The Government's cash scheme to light up some Central Business District and Marina Centre buildings has had few takers, even as the authorities scrapped a parallel scheme that may have been more popular.
There have been only three approved applicants for the cash grant since it was introduced in 2006 by the Urban Redevelopment Authority to encourage building owners in the Marina Bay area to light up their properties' fronts to make Singapore's skyline more attractive.
Of the three, only one - Maybank Tower - received money. It got the maximum, one-time $500,000 allowance out of this $10 million fund.
A report in Chinese daily Lianhe Zaobao yesterday said the URA declined to reveal the other two applicants, but said they had decided to rethink their lighting plans.
In May, the URA sent out a circular to inform architects, lighting designers and building owners and developers that the cash grant scheme had been extended to 2015.
It noted that "although a large number of developments within the CBD are already lit, there are still a few existing buildings fronting Marina Bay that are poorly lit and could benefit from some additional night lighting".

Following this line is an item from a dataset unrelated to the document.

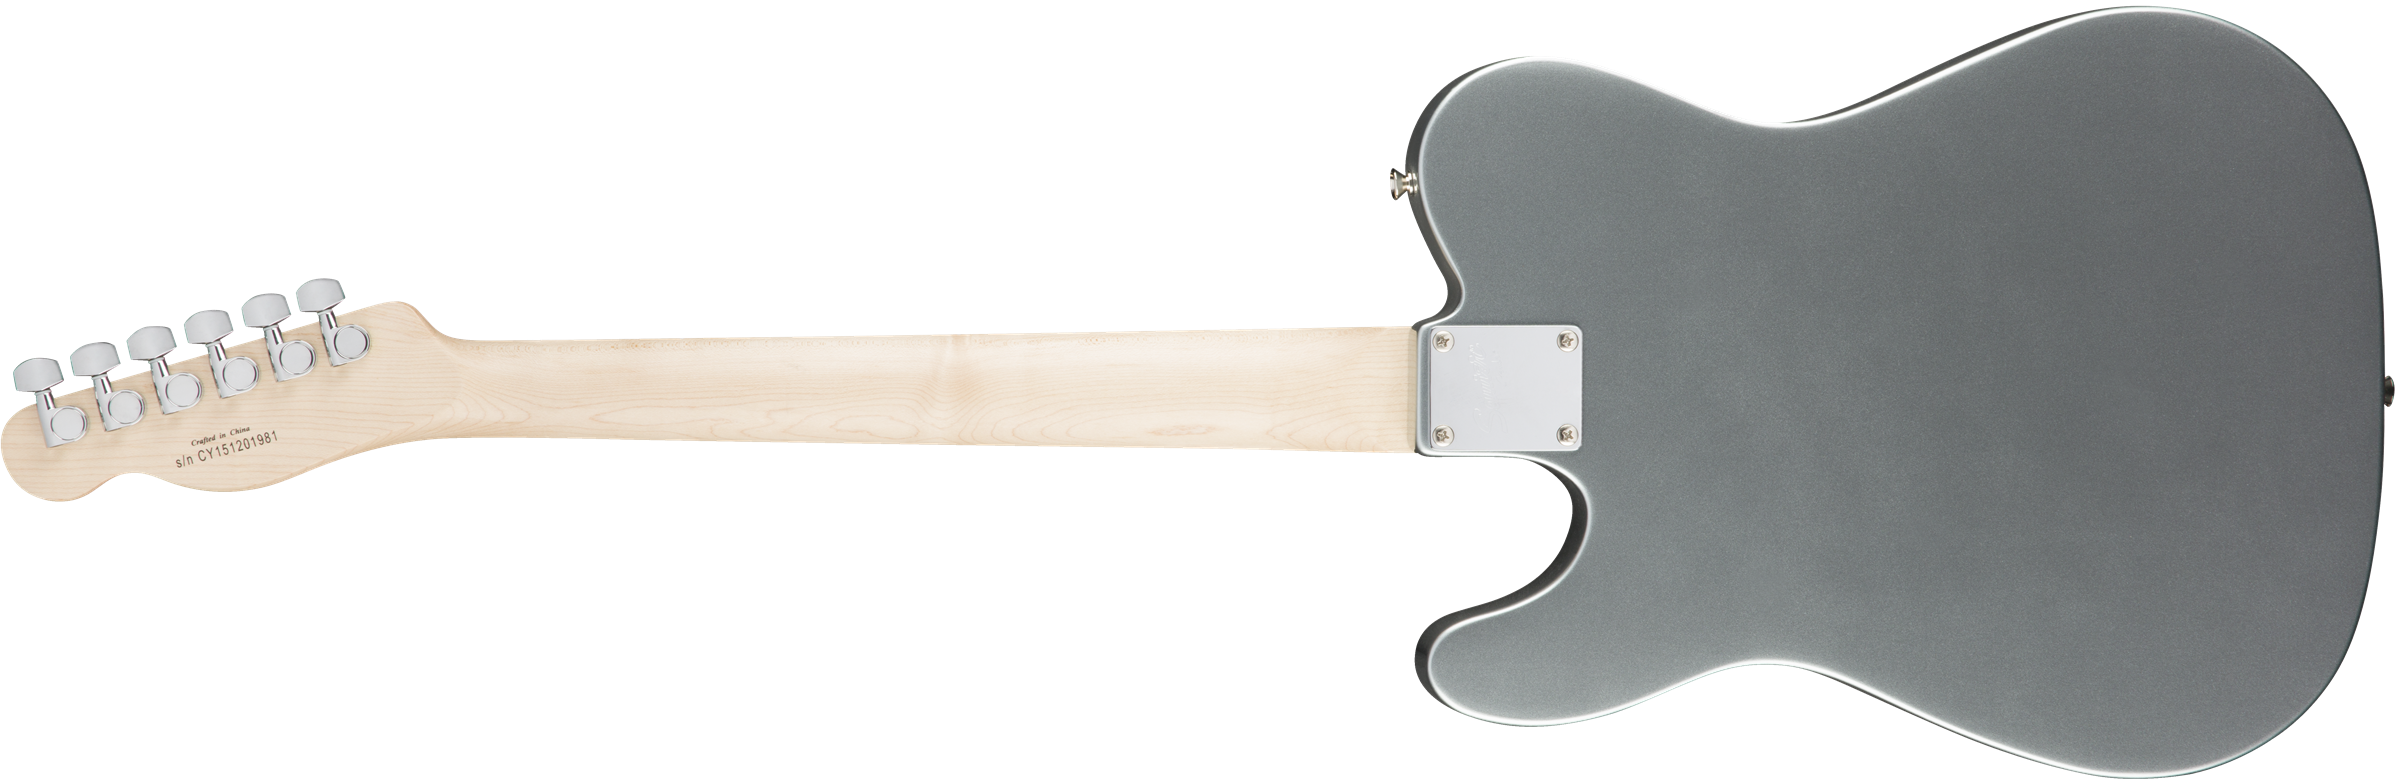 Squier Tele Affinity Series 2019 Lau - Slick Silver - Guitarra eléctrica con forma de tel - Variation 5

URA declined to name those buildings, but Zaobao said they are likely to be older buildings that have not undergone redevelopment since the grant was introduced.
While URA has extended the cash grant scheme, it has scrapped another grant scheme that gave developers and building owners more gross floor area (GFA) in exchange for providing night lighting.
It said it got feedback that this scheme had led to the over-lighting of some buildings in the CBD. It had approved 12 applications under this scheme.
The Singapore Institute of Architects' president Theodore Chan supports the idea of lighting up the area, but said the cash grant may not be enough to persuade people. "Lighting projects are quite costly and can come up to $1 million, $2 million or more. I suspect half a million is insufficient."
He added that more people would have applied for the GFA scheme since additional space could lead to more and recurring rental profits.
The cash grant is available only for existing buildings that either front Marina Bay or form part of the city skyline as seen from the bay. A building located away from the waterfront may be considered if it has significant parts that can be seen from Marina Bay.
The night lighting must be a permanent installation used to light up the exterior of the building to highlight the design of the development, in particular, the crown, facades, main architectural features, sky gardens and public spaces at the first storey.
Building owners who receive the money must also turn on their lighting during national events and festivals, according to the URA's requirements.